2019年07月16日

ニセ科学「ホメオパシー」の実践が危険な理由

ニセ科学「ホメオパシー」の実践が危険な理由
毒物の「ヒ素」でさえ薬にしてしまう謎理論
2019/07/15 東洋経済オンライン

名取 宏 : 内科医

今年2月、参議院議員の山本太郎氏が、日本母親連盟を批判する際に取り上げたことでも注目を集めた民間療法「ホメオパシー」。

ヨーロッパ発祥の民間療法の実践が危険な理由とは?

 同療法に詳しい内科医の名取宏(なとり ひろむ)氏が解説する。
みなさんは「ホメオパシー」という言葉を聞いたことがありますか? 
ヨーロッパ発祥の民間療法の一種なのですが、日本では主に妊婦さんや出産後のお母さん方のあいだでホメオパシーが使われています。
助産師から勧められたり 、母親同士のネットワークで広まったりしているようです。
みなさんも子育て中に「自然療法のホメオパシーを始めたんだけど、子どもの免疫力が上がって副作用もなくて、薬にも頼らなくてすむし本当にいいよ。やってみない?」と声をかけられることがあるかもしれません。

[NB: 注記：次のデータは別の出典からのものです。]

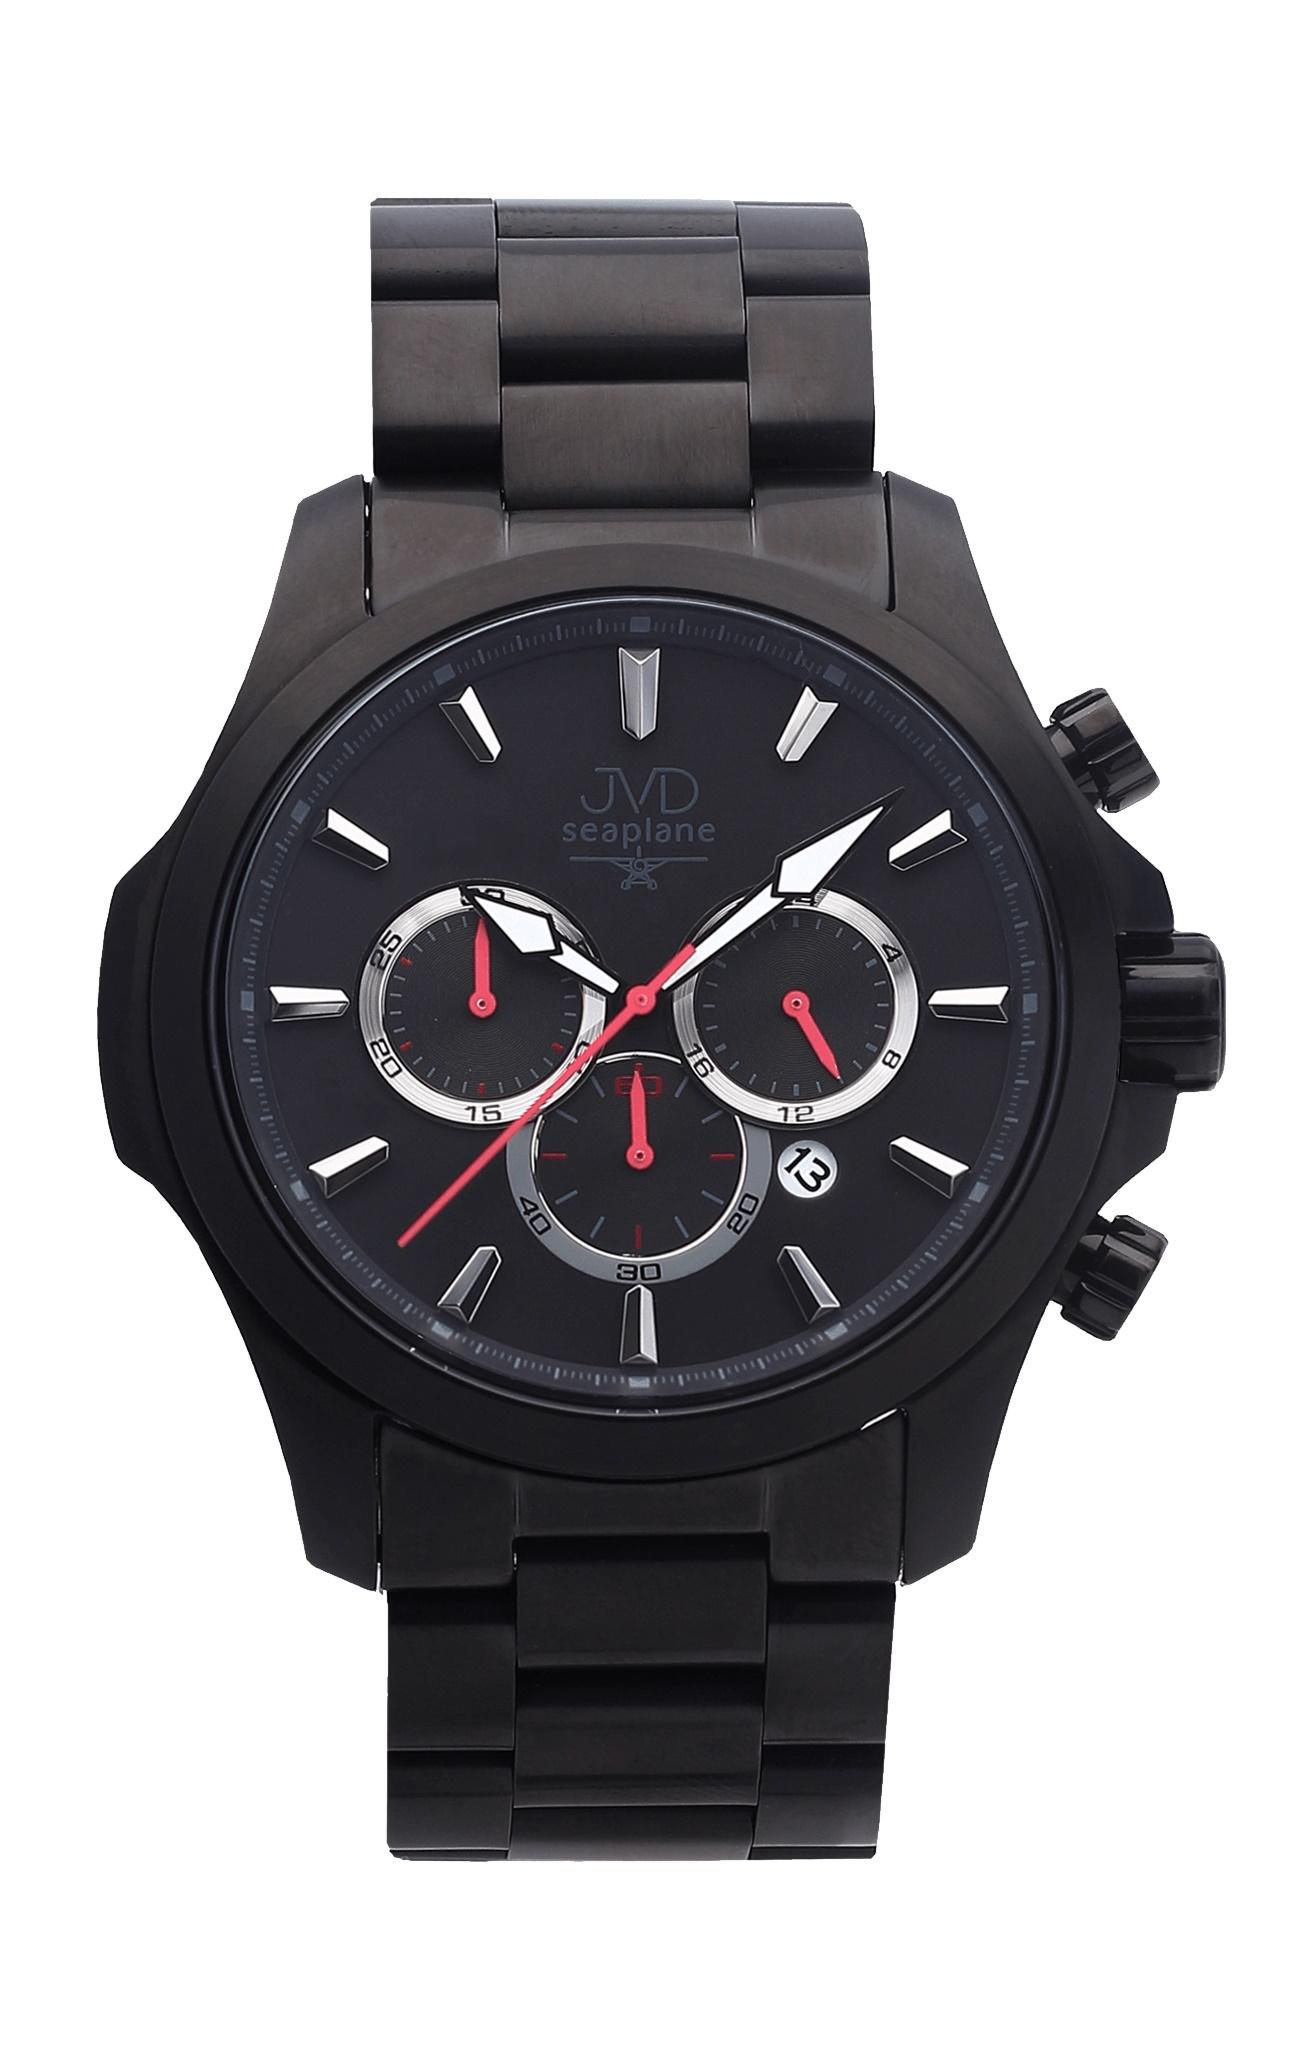 Vysoce odolné vodotěsné chronografy hodinky JVD Seaplane CORE JC704.3 -  10ATM (POŠTOVNÉ ZDARMA 9e8abd9e245

ホメオパシーの利用者は、子どもに対しては化学物質を避け、できるだけ安全で安心なものを使いたいと考えている人に多いようです。

「ヒ素」が薬になる独自理論

ホメオパシーには、毒物を薄めると毒を打ち消す薬になり、しかも薄めれば薄めるほど効果が強くなるという独特の考え方があります。
ヒ素が毒物であることは、みなさんご存じですね。
そのヒ素を水やアルコールといった液体に溶かし、10倍や100倍に薄めて振り混ぜることを何十回も繰り返し、最終的にその液体を砂糖玉に染み込ませたものが、ヒ素の毒に効くという理屈です。
この砂糖玉を「レメディ」と言います。
レメディは錠剤に似ていて、いかにも薬という形をしていますが、薬効成分は含まれていません。

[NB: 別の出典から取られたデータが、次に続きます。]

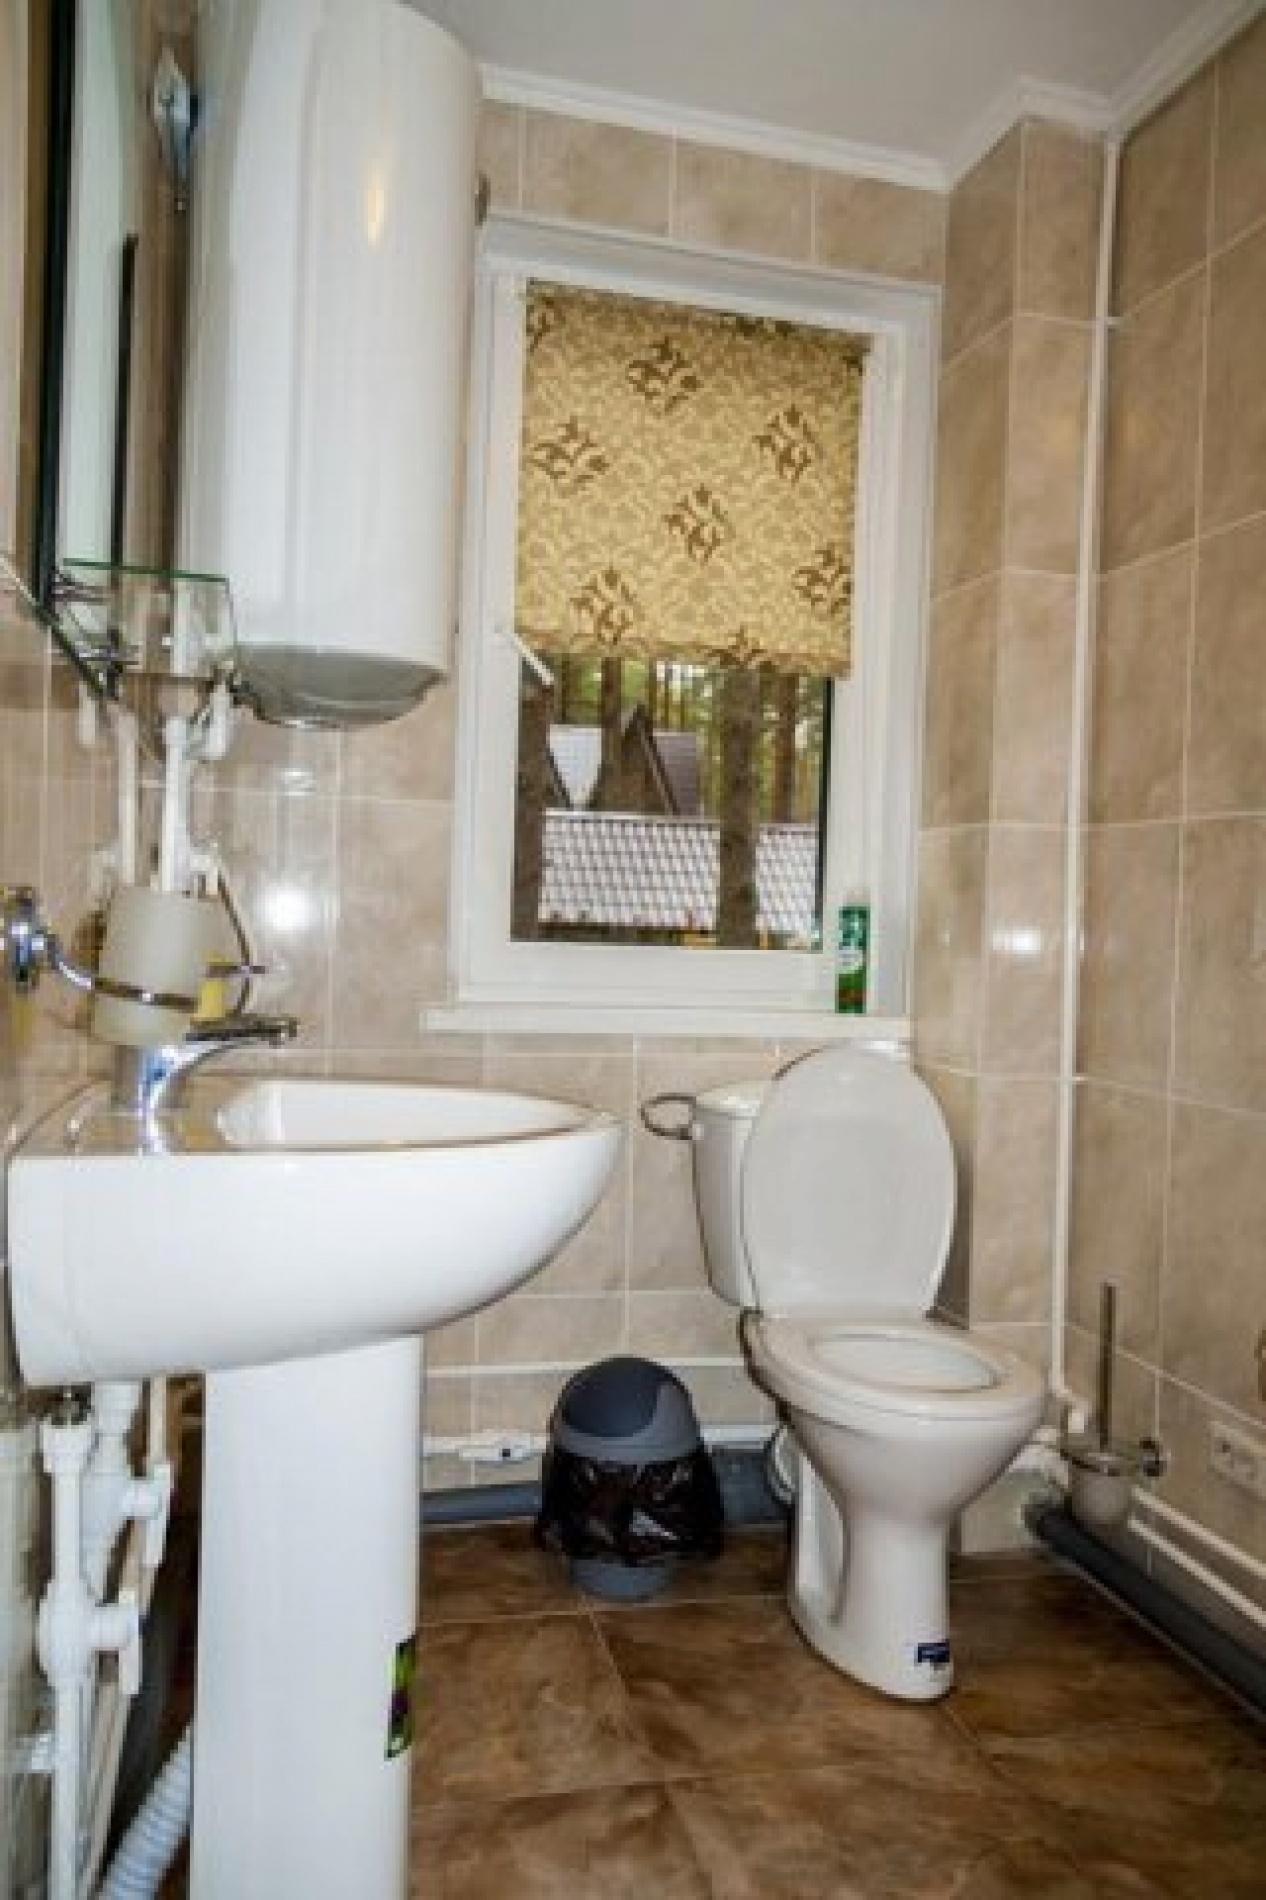 База отдыха «Стёпаново» Вологодская область 3-местный номер в Доме № 3, фото 7

物質としてのヒ素は何度も繰り返し薄められているため、ヒ素のレメディには残っていません。
元の成分は含まれていないため、安全だというわけです。
元の成分が残っていないのになぜ効果を発揮するのかというと、ヒ素の情報が水に記憶されているのだそうです。
水の記憶は「バイタルフォース」や「波動」といった一見科学的に思える用語で説明されることもあります。
でも、効果だけあって副作用はないようなよいものであれば、病院でも使われているはずではないでしょうか。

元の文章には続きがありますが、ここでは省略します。